Use the natural leavening power of a sourdough starter in this classic, soft ginger sourdough cookie recipe. Rolling them in sugar before baking adds a magical sparkle that will be sure to catch Santa’s eye.
- 1/2 cup sourdough starter (recently fed)
- 1 cup brown sugar
- 1/4 cup softened butter
- 1/4 cup molasses
- 1 egg
- 2 cups all-purpose flour
- 1 tsp. baking soda
- 2 tsp, baking powder
- 1 tsp. cinnamon
- 1/2 tsp. ginger
- 1/4 tsp. ground cloves
- 1/4 tsp. salt
- Set aside: 3 tablespoons sugar for rolling cookies
- Preheat oven to 325 degrees
- In a medium bowl sift together the all the dry ingredients & set aside.

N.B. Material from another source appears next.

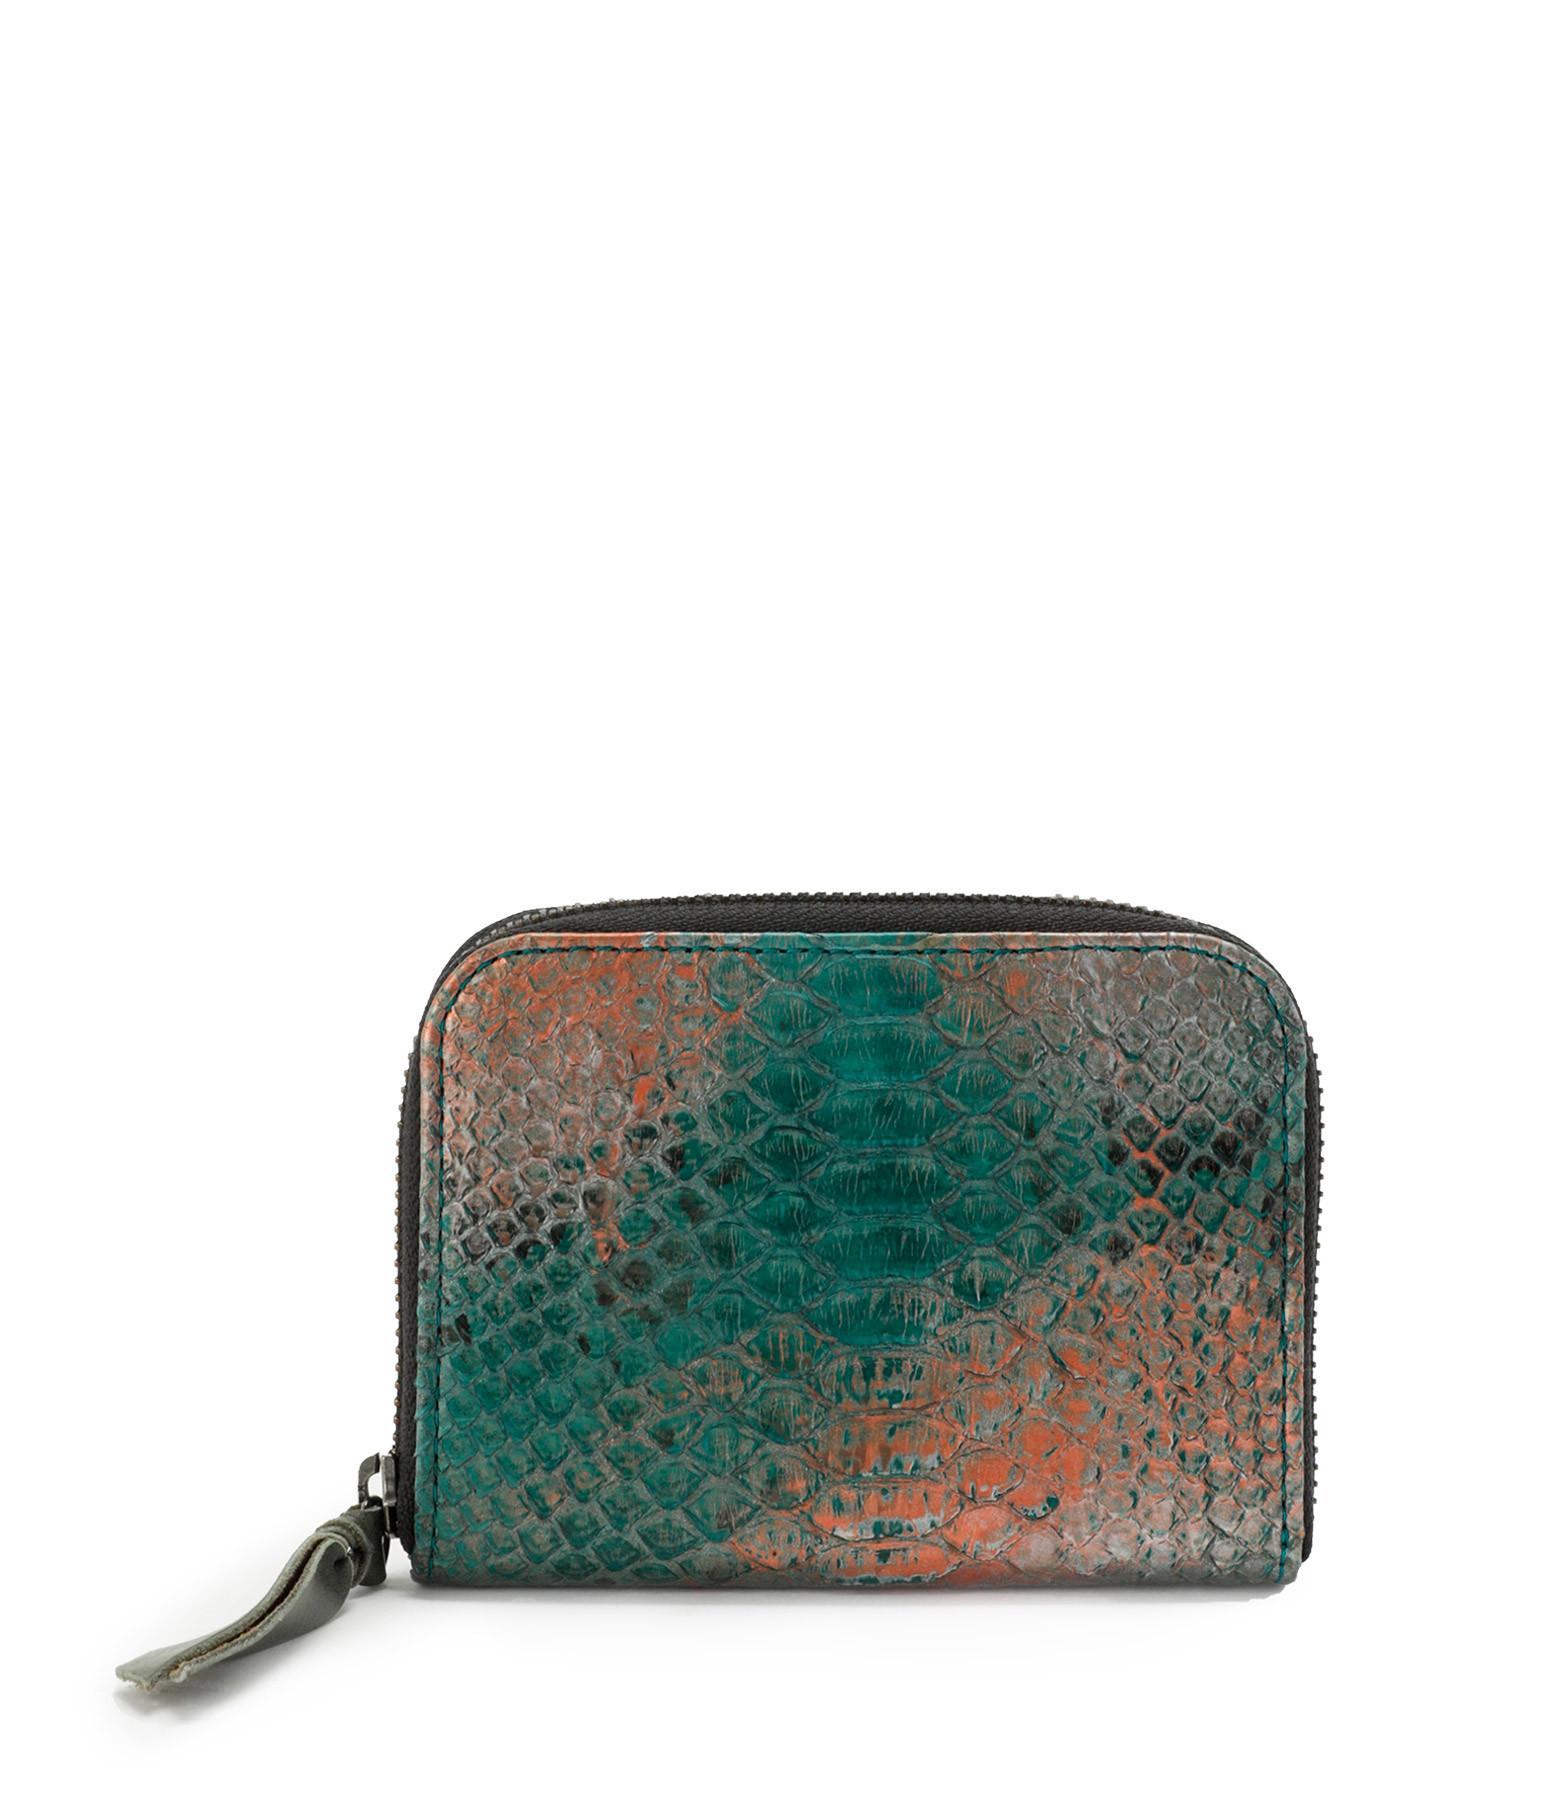 CLARIS VIROT - Porte-monnaie Mini Bob Python Aqua
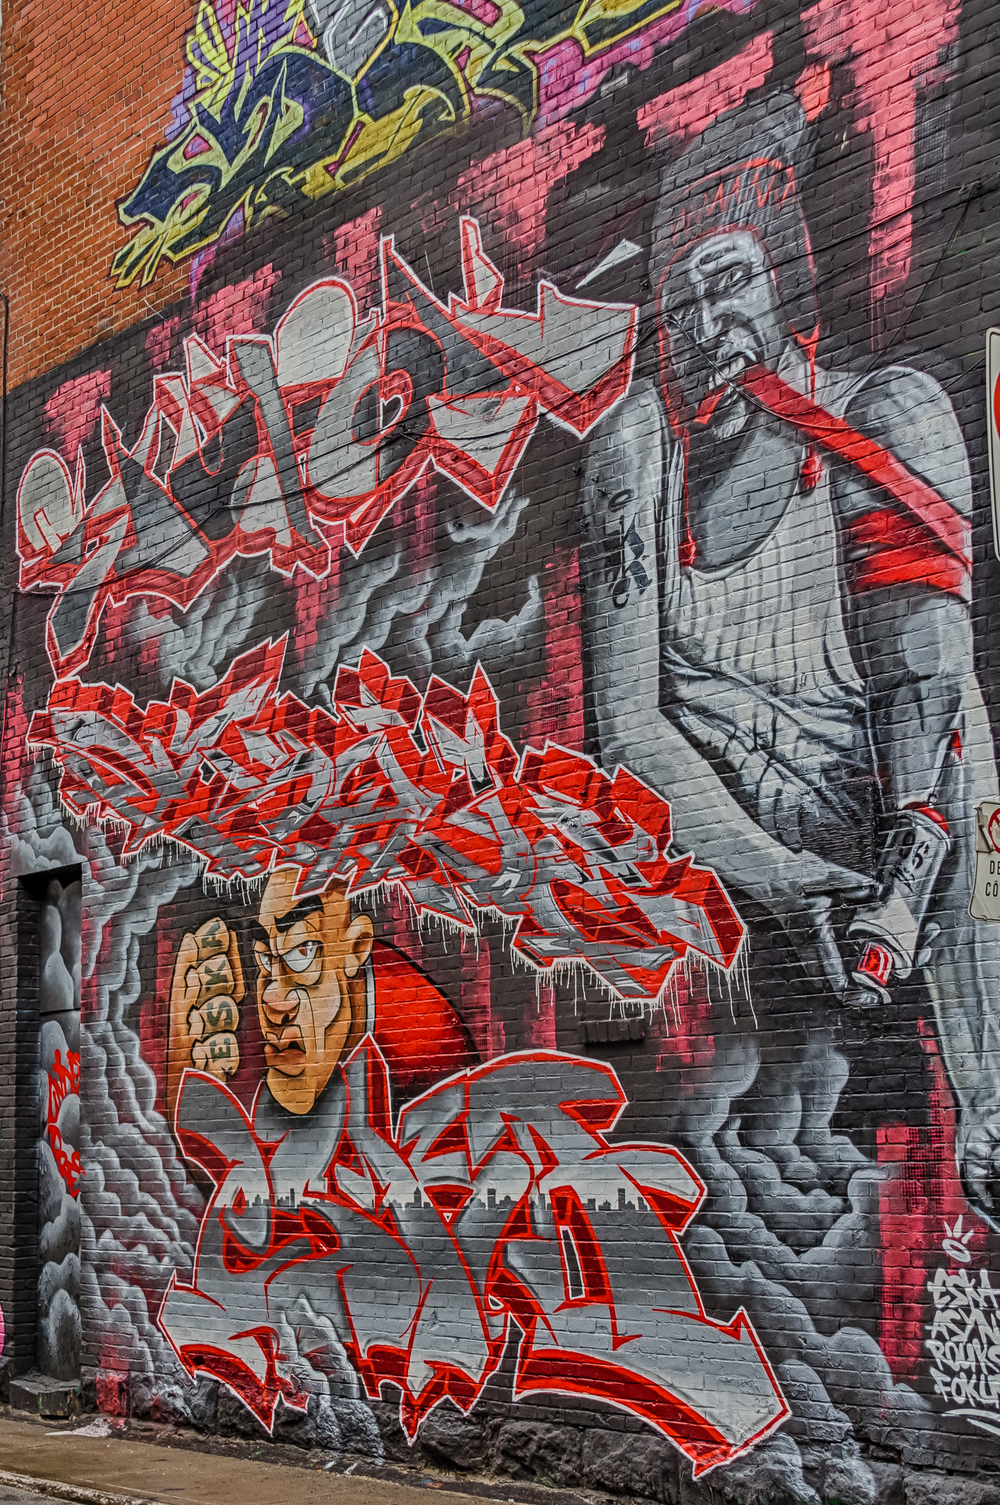 20140816_Grafitti and Architechture - Latin Quarter_IMG_5690_HDR-M.jpg

- In a large bowl, cream together the brown sugar and butter. Then add the egg, molasses and sourdough starter.
- Mix the dry ingredients into the wet ingredients, bit by bit. An electric mixer is easiest with this sticky dough.
- Scoop dough using a spoon, about 1 tbsp in size. Roll in your hands to make a small ball.
- Dip the balls into the reserved sugar, and roll so the dough ball is covered in sugar.
- On a greased cookie sheet, place balls about 2 inches apart.
- Bake 12 to 15 minutes, until gingersnap cookies are cracked as they spread and set.
- Remove from oven and place cookies on cooling rack.